# ABOUT THIS EXERCISE:
The lines to return run from the start of the material below through the line holding "Groups dashboard showing", both included; please give them back exactly, minus the pictures.

# DATA:
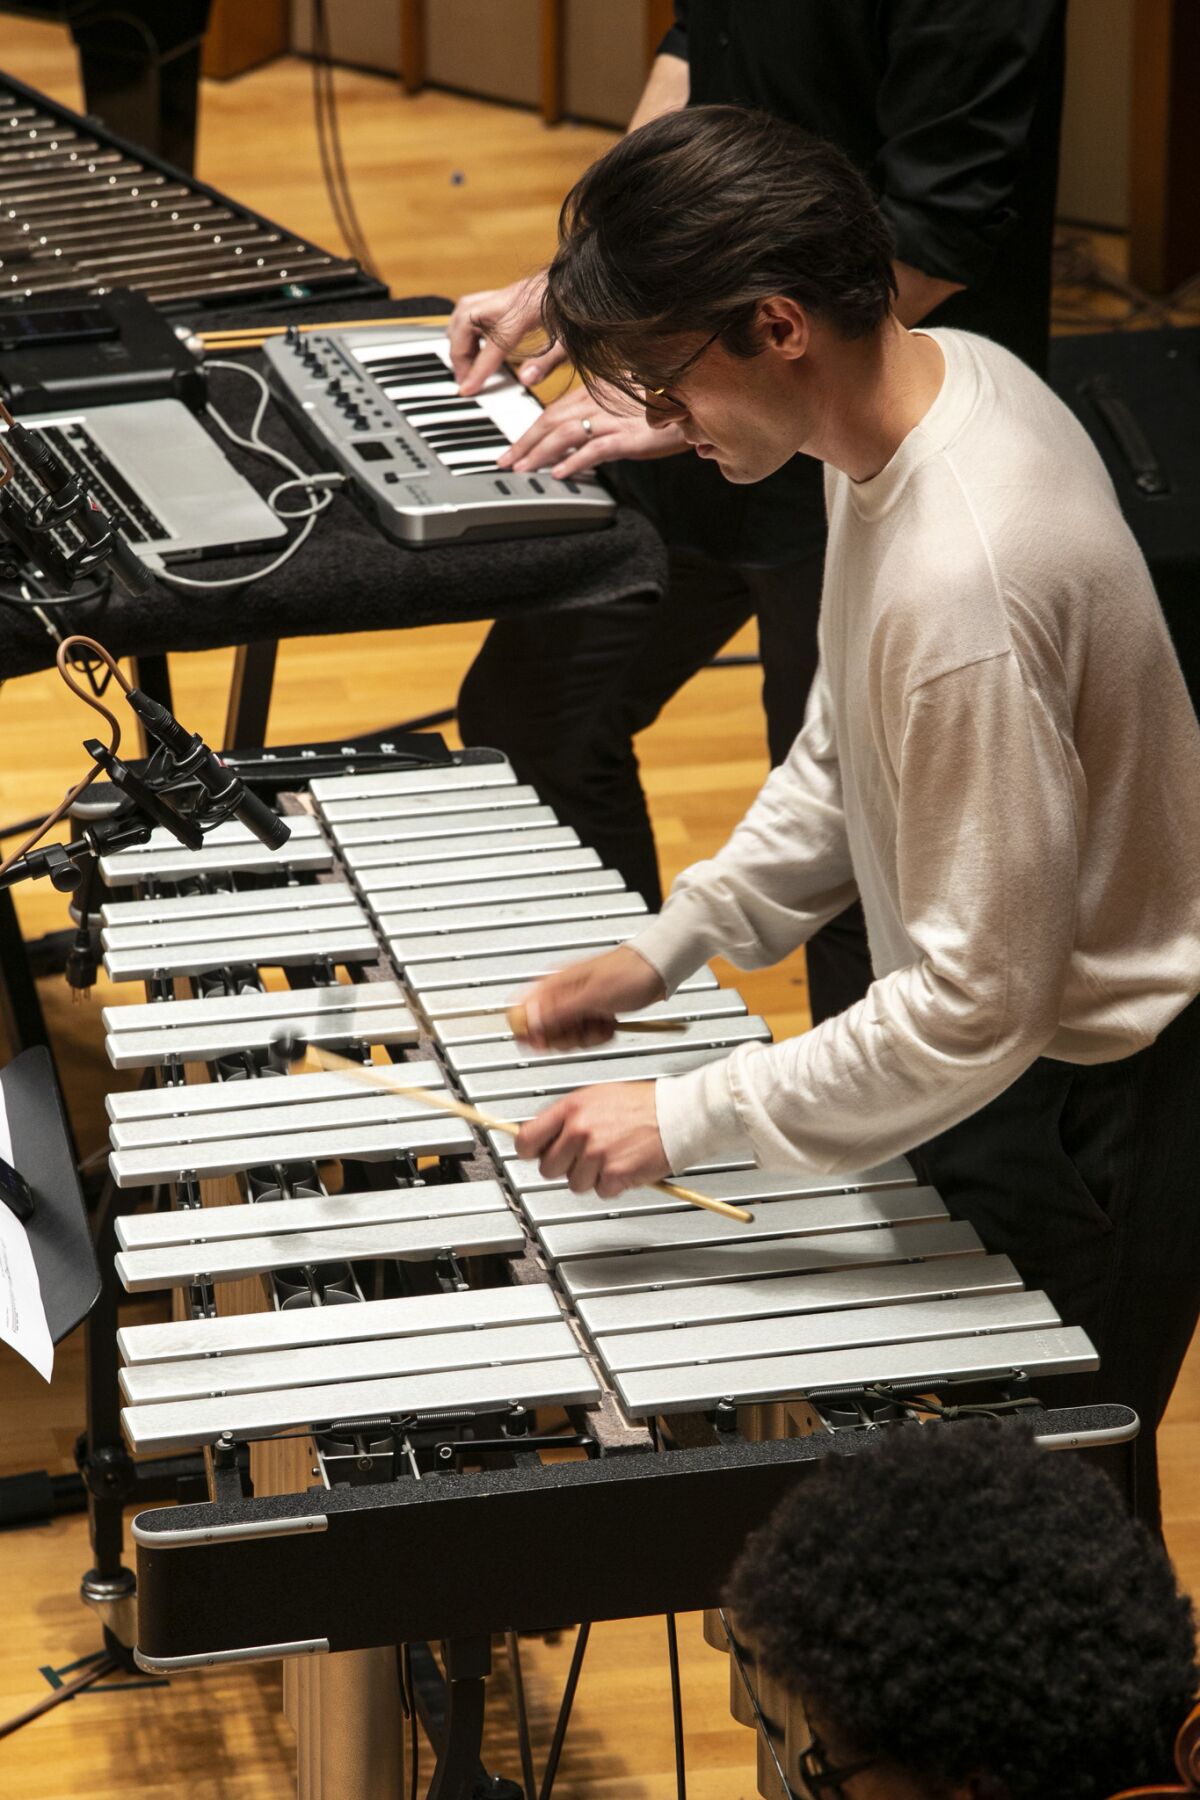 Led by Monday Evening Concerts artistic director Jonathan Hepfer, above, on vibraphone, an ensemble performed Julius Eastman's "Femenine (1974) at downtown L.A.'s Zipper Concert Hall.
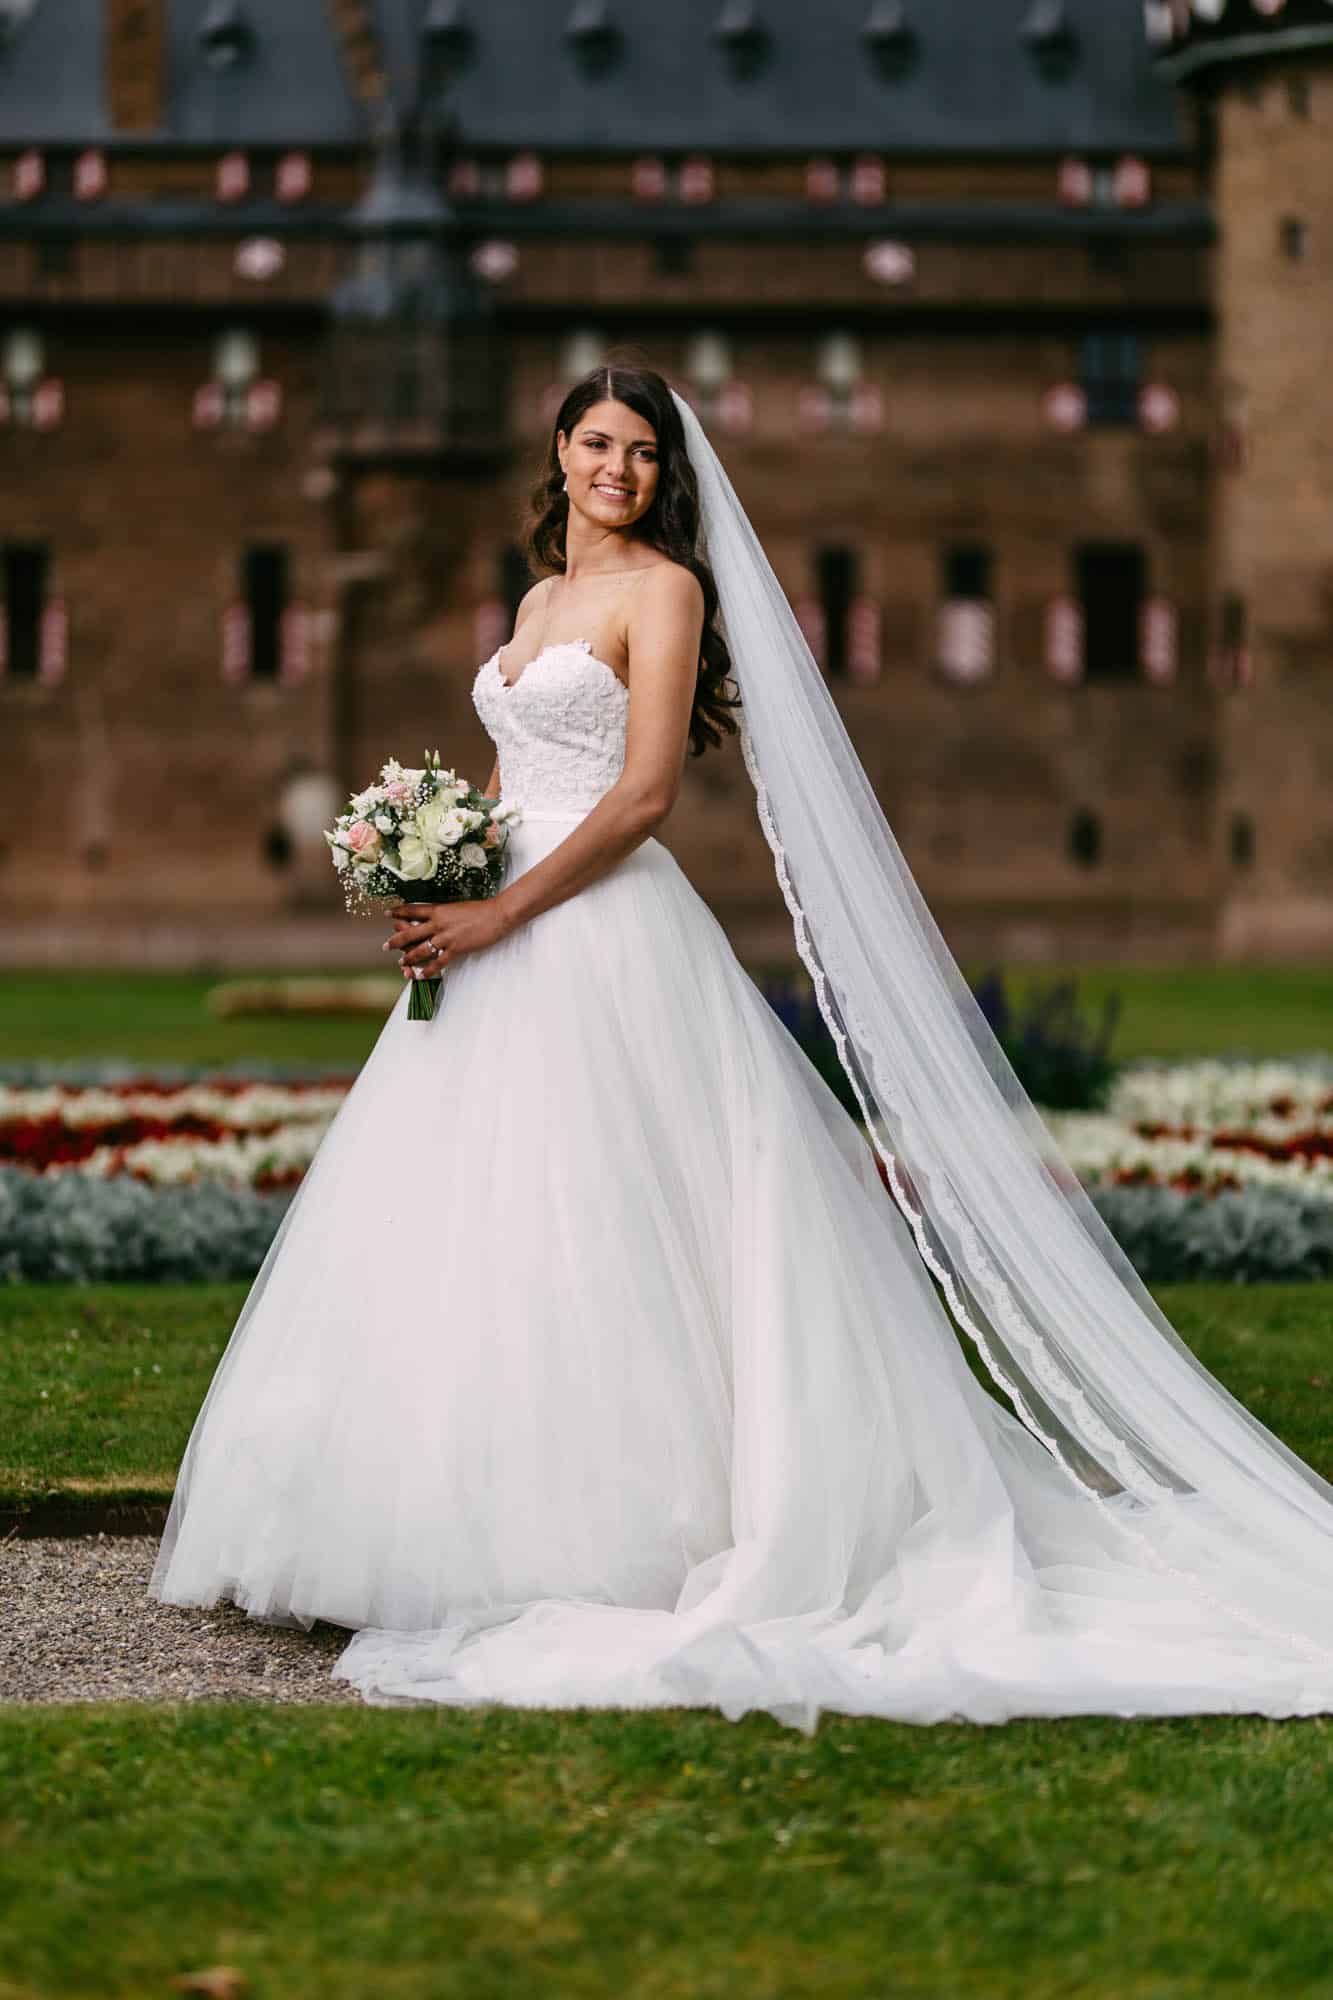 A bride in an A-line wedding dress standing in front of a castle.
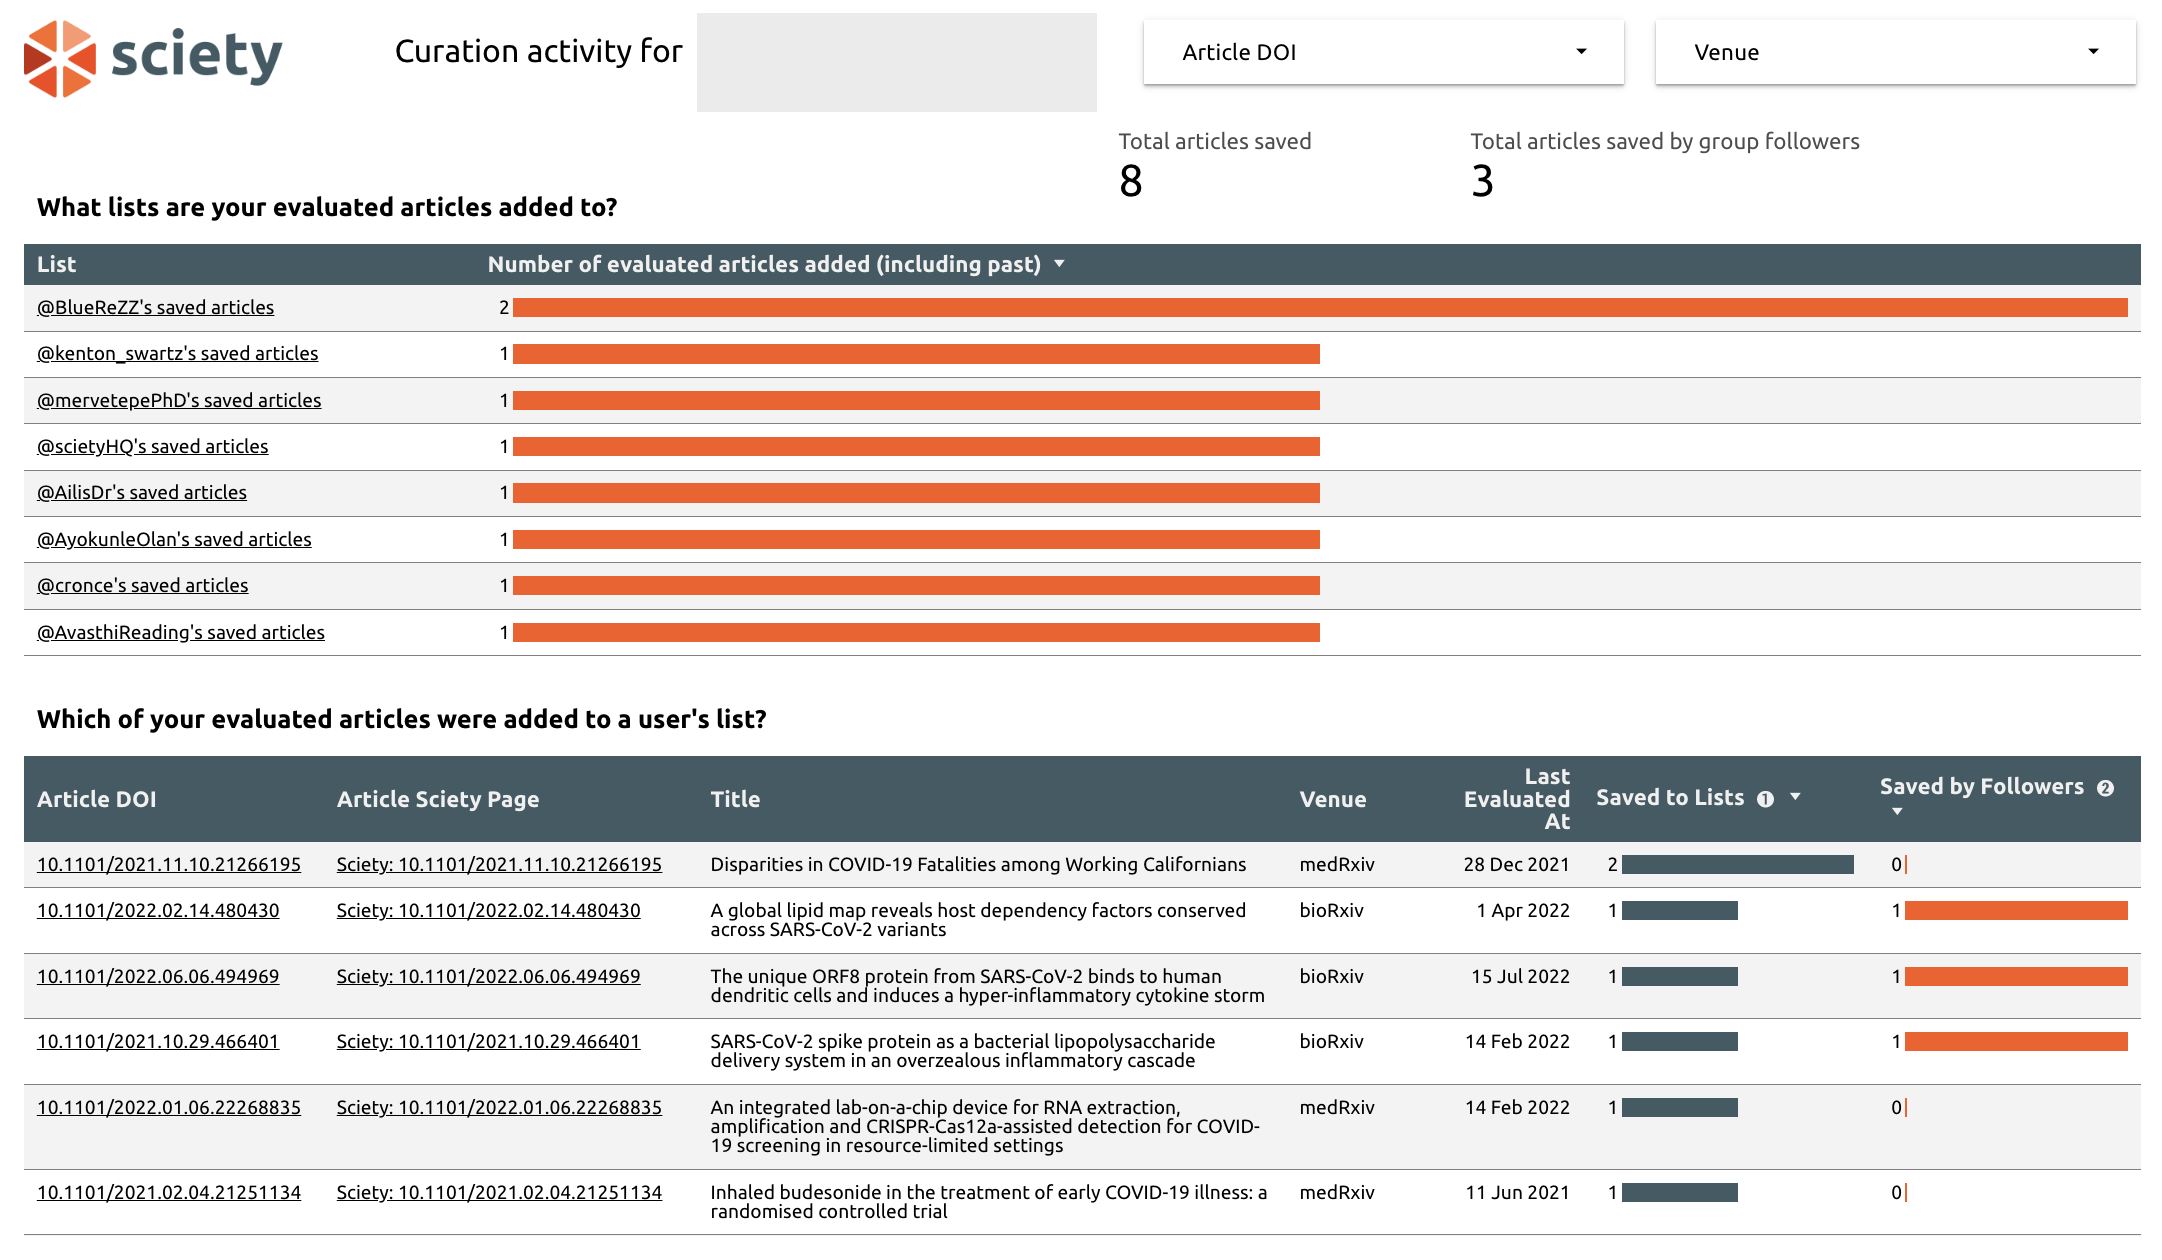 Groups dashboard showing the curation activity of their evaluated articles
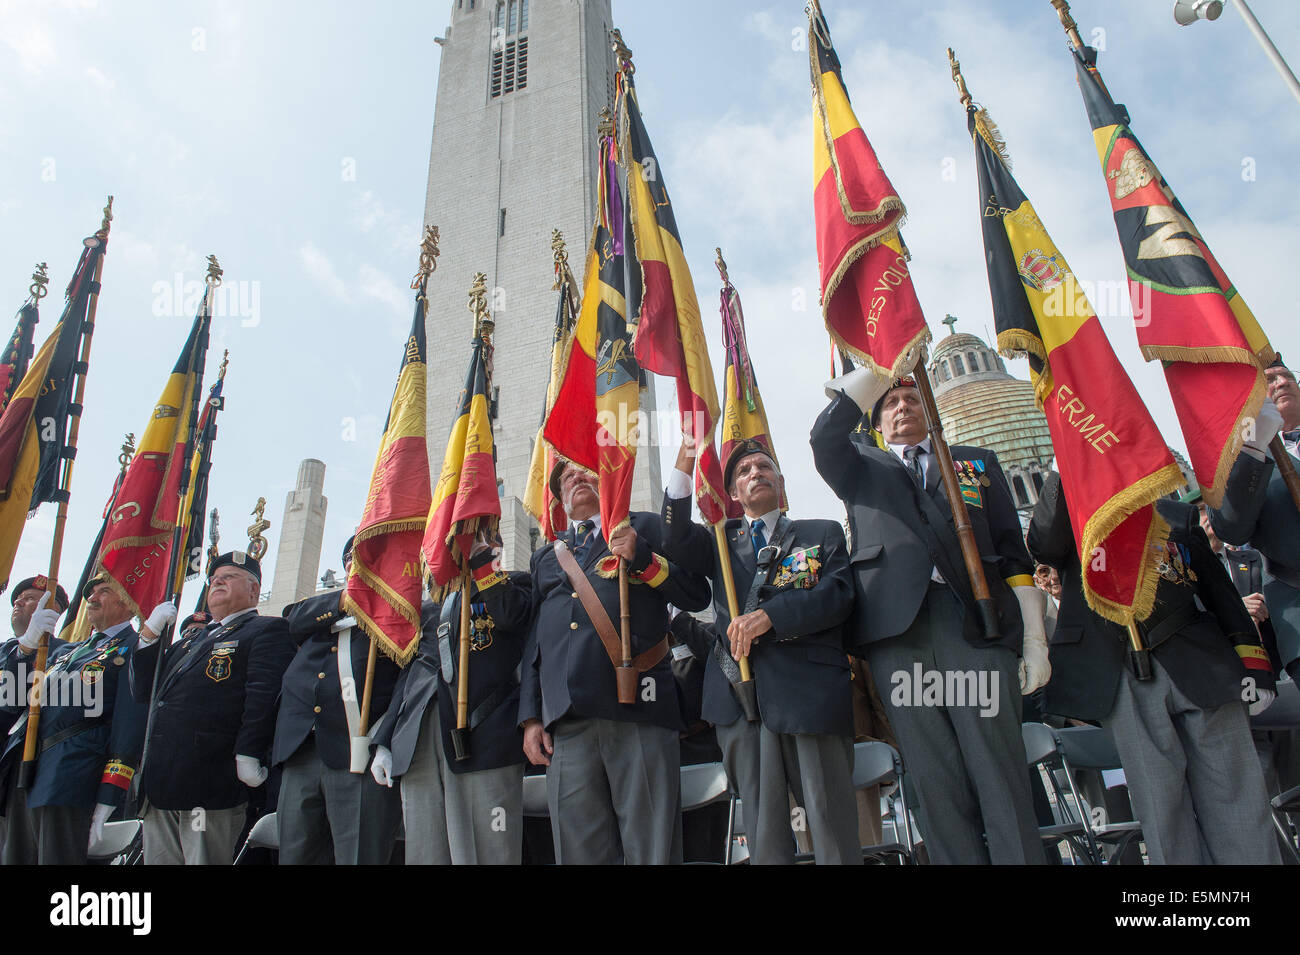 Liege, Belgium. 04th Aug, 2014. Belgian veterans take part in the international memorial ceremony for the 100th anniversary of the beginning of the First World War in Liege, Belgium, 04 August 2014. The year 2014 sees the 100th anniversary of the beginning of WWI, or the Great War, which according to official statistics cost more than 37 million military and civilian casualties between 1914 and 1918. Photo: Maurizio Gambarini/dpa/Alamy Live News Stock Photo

# ANSWER BOX:
 Led by Monday Evening Concerts artistic director Jonathan Hepfer, above, on vibraphone, an ensemble performed Julius Eastman's "Femenine (1974) at downtown L.A.'s Zipper Concert Hall.
 A bride in an A-line wedding dress standing in front of a castle.
 Groups dashboard showing the curation activity of their evaluated articles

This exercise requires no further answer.